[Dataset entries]
----

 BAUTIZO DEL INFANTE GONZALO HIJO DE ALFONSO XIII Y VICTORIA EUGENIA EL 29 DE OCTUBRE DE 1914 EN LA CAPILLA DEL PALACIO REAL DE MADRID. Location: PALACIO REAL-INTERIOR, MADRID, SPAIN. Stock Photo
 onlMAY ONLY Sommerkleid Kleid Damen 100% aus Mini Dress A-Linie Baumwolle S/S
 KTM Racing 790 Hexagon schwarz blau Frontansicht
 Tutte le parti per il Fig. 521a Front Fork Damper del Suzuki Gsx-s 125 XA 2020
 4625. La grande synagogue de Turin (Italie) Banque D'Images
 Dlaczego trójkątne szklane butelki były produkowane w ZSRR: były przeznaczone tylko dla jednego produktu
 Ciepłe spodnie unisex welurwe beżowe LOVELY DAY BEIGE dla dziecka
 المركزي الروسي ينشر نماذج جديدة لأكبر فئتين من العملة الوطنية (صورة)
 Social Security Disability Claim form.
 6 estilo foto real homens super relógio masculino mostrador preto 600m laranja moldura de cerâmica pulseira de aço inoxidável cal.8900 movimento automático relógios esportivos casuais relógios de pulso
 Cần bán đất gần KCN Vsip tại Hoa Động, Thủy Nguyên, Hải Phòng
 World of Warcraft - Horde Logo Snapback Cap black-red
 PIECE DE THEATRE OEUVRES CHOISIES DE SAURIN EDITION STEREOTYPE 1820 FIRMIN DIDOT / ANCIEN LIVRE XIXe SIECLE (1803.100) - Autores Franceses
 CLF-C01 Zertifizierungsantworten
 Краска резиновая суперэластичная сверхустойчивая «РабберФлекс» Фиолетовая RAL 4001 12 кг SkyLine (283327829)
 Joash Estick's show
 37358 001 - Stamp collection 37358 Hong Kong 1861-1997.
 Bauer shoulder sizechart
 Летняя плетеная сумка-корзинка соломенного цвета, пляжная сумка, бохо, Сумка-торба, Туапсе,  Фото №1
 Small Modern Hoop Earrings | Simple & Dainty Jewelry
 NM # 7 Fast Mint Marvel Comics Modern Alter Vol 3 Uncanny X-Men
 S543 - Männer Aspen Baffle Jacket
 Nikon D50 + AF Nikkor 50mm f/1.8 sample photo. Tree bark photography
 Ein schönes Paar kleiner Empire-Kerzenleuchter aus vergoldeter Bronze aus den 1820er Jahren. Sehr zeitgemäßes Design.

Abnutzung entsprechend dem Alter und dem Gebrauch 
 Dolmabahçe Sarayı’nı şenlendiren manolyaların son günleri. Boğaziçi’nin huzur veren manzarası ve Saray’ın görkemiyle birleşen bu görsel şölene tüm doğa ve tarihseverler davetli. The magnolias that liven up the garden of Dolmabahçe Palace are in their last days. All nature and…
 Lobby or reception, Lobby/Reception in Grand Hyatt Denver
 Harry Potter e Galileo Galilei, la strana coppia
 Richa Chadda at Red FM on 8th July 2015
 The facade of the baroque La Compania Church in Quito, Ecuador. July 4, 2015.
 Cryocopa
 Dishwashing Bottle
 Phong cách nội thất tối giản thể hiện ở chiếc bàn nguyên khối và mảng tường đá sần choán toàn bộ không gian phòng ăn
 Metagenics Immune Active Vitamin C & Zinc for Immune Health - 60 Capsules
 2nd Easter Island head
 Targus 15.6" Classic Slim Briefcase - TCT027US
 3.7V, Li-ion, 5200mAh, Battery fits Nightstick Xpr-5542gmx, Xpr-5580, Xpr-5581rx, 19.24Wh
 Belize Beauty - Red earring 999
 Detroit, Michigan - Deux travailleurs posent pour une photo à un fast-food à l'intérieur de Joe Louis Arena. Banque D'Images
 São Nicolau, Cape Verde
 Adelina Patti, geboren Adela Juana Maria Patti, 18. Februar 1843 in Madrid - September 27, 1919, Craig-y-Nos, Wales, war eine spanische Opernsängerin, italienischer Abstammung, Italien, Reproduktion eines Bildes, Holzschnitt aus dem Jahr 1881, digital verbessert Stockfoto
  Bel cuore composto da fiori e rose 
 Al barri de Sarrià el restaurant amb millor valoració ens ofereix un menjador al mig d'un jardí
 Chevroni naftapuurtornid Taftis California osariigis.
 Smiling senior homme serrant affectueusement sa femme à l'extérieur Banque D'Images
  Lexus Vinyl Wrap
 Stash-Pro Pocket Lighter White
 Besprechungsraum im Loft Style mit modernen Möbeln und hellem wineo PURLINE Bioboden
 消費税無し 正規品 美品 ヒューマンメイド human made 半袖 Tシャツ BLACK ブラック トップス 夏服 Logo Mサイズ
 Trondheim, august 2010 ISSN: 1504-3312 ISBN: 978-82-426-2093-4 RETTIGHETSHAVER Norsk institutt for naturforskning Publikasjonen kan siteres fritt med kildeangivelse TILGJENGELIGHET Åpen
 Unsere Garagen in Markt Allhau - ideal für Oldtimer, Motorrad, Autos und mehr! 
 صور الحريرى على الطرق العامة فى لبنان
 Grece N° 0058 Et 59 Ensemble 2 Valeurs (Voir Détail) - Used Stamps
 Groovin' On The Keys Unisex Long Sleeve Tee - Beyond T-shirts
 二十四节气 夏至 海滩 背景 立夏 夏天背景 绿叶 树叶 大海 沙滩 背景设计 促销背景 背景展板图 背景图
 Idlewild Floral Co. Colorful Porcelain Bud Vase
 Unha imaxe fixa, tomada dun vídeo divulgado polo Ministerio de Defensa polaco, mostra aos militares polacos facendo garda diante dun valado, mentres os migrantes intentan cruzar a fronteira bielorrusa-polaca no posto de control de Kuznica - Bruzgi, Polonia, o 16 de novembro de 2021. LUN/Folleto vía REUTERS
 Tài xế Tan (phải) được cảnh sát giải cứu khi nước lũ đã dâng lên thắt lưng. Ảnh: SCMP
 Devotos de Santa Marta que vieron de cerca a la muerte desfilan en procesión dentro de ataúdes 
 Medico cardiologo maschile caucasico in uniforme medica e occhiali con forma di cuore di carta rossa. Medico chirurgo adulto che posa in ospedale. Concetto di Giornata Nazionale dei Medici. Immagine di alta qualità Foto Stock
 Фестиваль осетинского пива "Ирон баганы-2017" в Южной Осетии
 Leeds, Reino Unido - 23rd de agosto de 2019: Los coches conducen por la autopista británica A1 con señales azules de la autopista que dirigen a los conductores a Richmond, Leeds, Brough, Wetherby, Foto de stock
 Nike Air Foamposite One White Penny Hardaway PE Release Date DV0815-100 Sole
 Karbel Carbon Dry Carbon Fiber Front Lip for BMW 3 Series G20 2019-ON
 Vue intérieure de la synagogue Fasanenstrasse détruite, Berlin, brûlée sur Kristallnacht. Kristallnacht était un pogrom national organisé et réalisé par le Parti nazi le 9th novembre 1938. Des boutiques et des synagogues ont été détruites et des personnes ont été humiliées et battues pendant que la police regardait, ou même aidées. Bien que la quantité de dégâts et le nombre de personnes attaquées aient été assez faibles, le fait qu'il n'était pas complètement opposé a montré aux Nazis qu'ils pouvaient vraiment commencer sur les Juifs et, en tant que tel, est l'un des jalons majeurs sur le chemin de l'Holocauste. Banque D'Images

----

=== WHAT TO WORK ON ===
Could you write out, exactly as they stand, only the lines above that begin at the line with "Groovin' On The" and stop after the line with "Devotos de Santa"?

=== RESPONSE BOX ===
 Groovin' On The Keys Unisex Long Sleeve Tee - Beyond T-shirts
 二十四节气 夏至 海滩 背景 立夏 夏天背景 绿叶 树叶 大海 沙滩 背景设计 促销背景 背景展板图 背景图
 Idlewild Floral Co. Colorful Porcelain Bud Vase
 Unha imaxe fixa, tomada dun vídeo divulgado polo Ministerio de Defensa polaco, mostra aos militares polacos facendo garda diante dun valado, mentres os migrantes intentan cruzar a fronteira bielorrusa-polaca no posto de control de Kuznica - Bruzgi, Polonia, o 16 de novembro de 2021. LUN/Folleto vía REUTERS
 Tài xế Tan (phải) được cảnh sát giải cứu khi nước lũ đã dâng lên thắt lưng. Ảnh: SCMP
 Devotos de Santa Marta que vieron de cerca a la muerte desfilan en procesión dentro de ataúdes 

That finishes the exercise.